China is down a bit more than 1 percent on a currency flap between the U.S. and China, and on vague concerns of higher interest rates.
1) Credit card trends improving: Capital One reported net charge-offs (loans unlikely to be collected) declined to 10.19 percent, from 10.41 percent in January. Delinquencies (30 days late or more) of 5.51 percent, from 5.8 percent in January. Auto loan charge-offs are also improving. Barclays Capital said "credit trends are improving and could be even better in the coming months if we experience the normal seasonal tailwinds." Several firms--including Macquarie and William Blair--raised estimates for the quarter.
2) Phillips-Van Heusen rises 4 percent after announcing it would acquire Tommy Hilfiger from private equity firm Apax Partners. At a price tag of $3.0 billion, the acquisition of Tommy Hilfiger is valued more than the current $2.4 billion market cap of Phillips-Van Heusen, the maker of Izod and Calvin Klein.
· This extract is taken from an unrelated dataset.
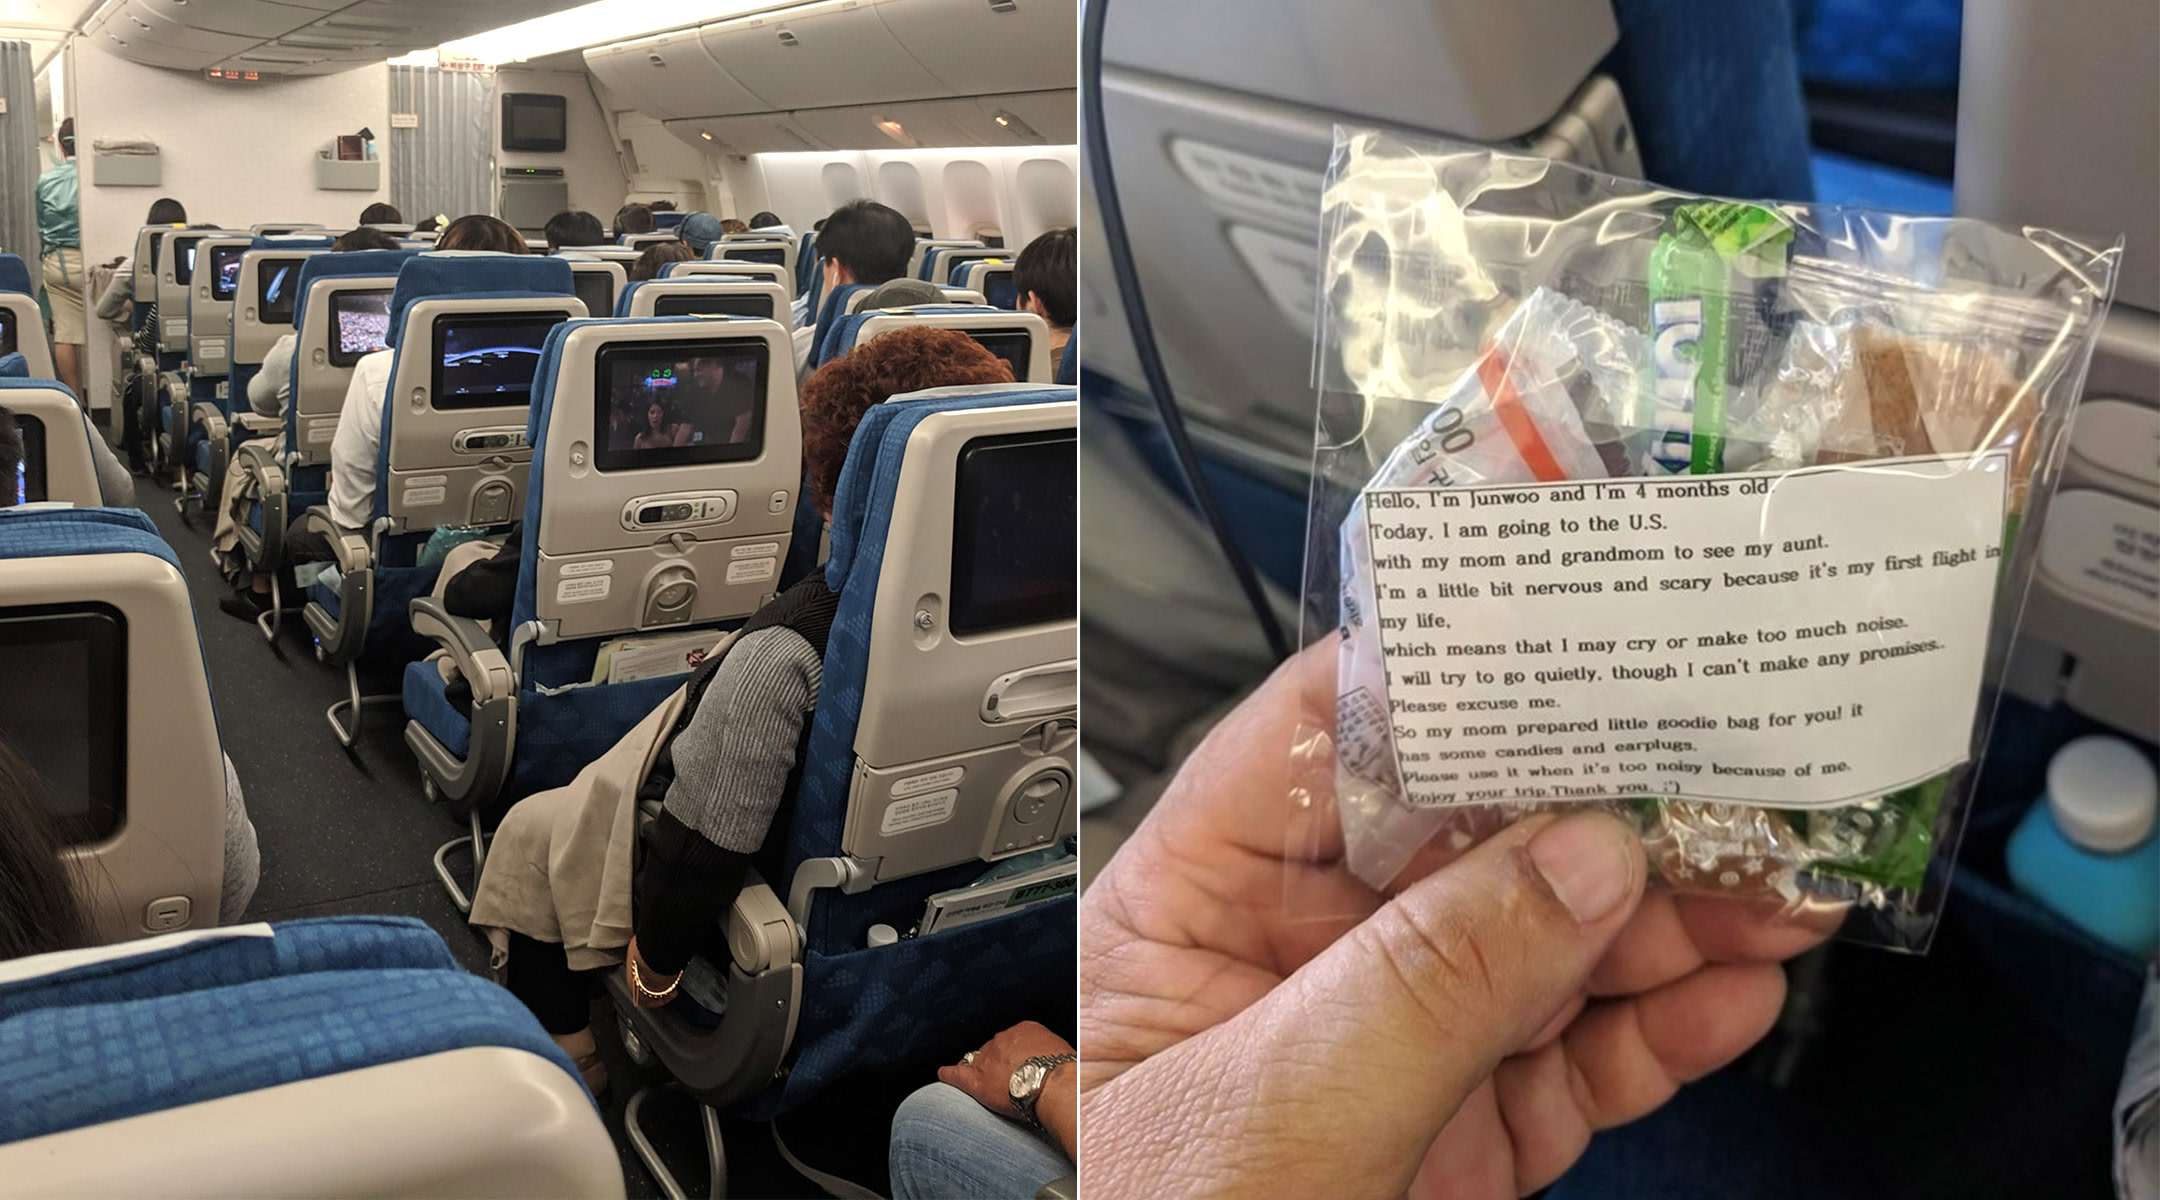 mom hands out care bags in case her baby cries on long flight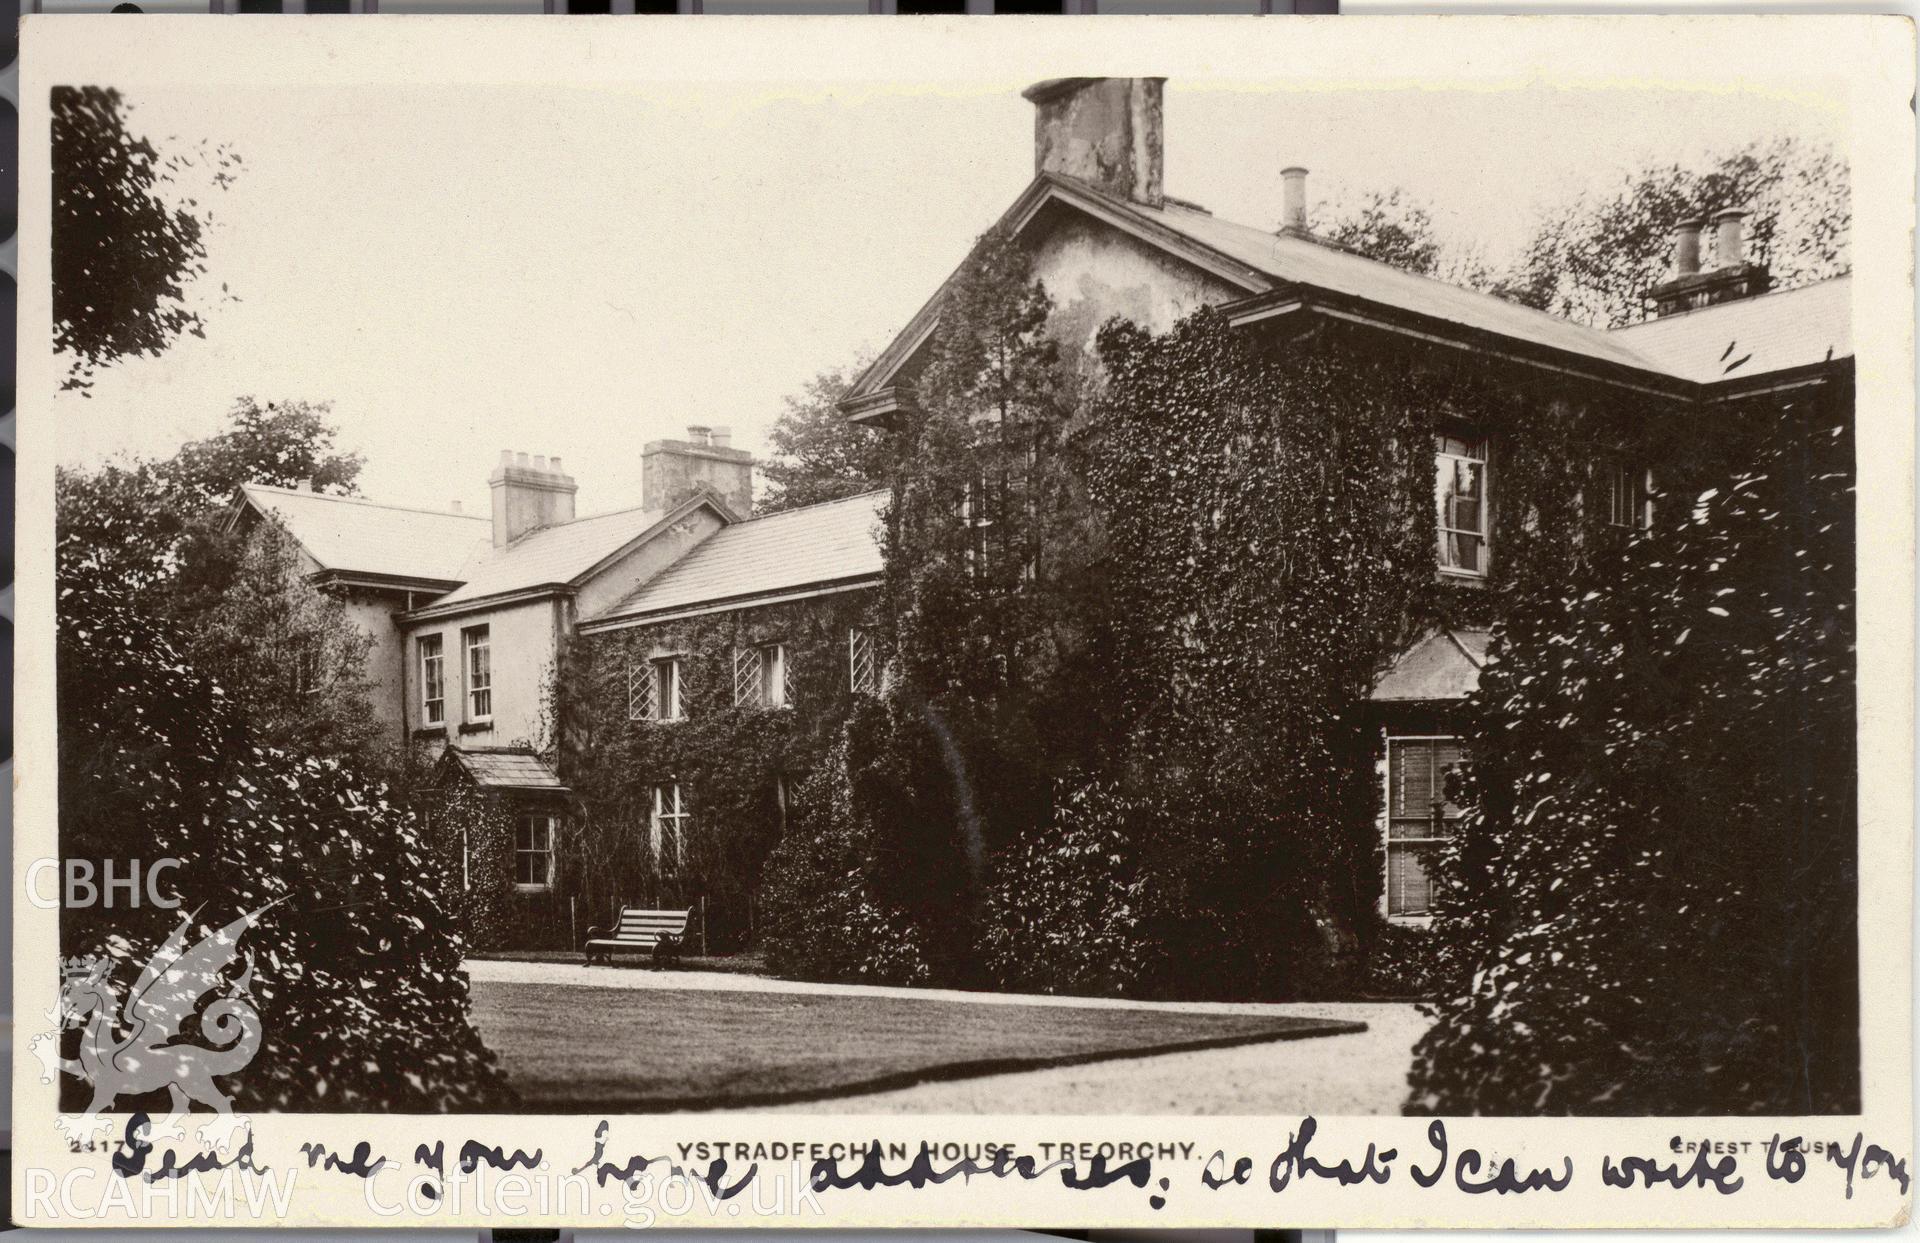 Digitised postcard image of Ystradfechan House, Treorchy, Ernest T. Bush. Produced by Parks and Gardens Data Services, from an original item in the Peter Davis Collection at Parks and Gardens UK. We hold only web-resolution images of this collection, suitable for viewing on screen and for research purposes only. We do not hold the original images, or publication quality scans.

The deal is expected to be accretive to earnings this year.
3) Boston Scientific plunges 17 percent after Bernstein Research noted that the medical device maker is suspending all sales of its implantable cardioverter defibrillator (ICDs—similar to a pacemaker) indefinitely due to am FDA review of documentation errors related to the manufacturing process.
On the still unconfirmed report, rivals St. Jude and Medtronic are getting a small boost - up 4 percent and 1 percent, respectively.
4) PepsiCo moves up 1 percent after raising its annual dividend by 7 percent to $1.92 and announcing a $15 billion stock buyback program, continuing the string of dividend hikes and share repurchases companies have announced this quarter.
5) Wal-Mart is up 1 percent after being upgraded to "buy" at Citigroup on expectations the discounter will remain very aggressive with its pricing strategies to continue building its market share.
Citi also raises the retailer's full-year comps and boosts earnings estimates by $0.04 to $4.04, above the current Street consensus estimate of $3.98.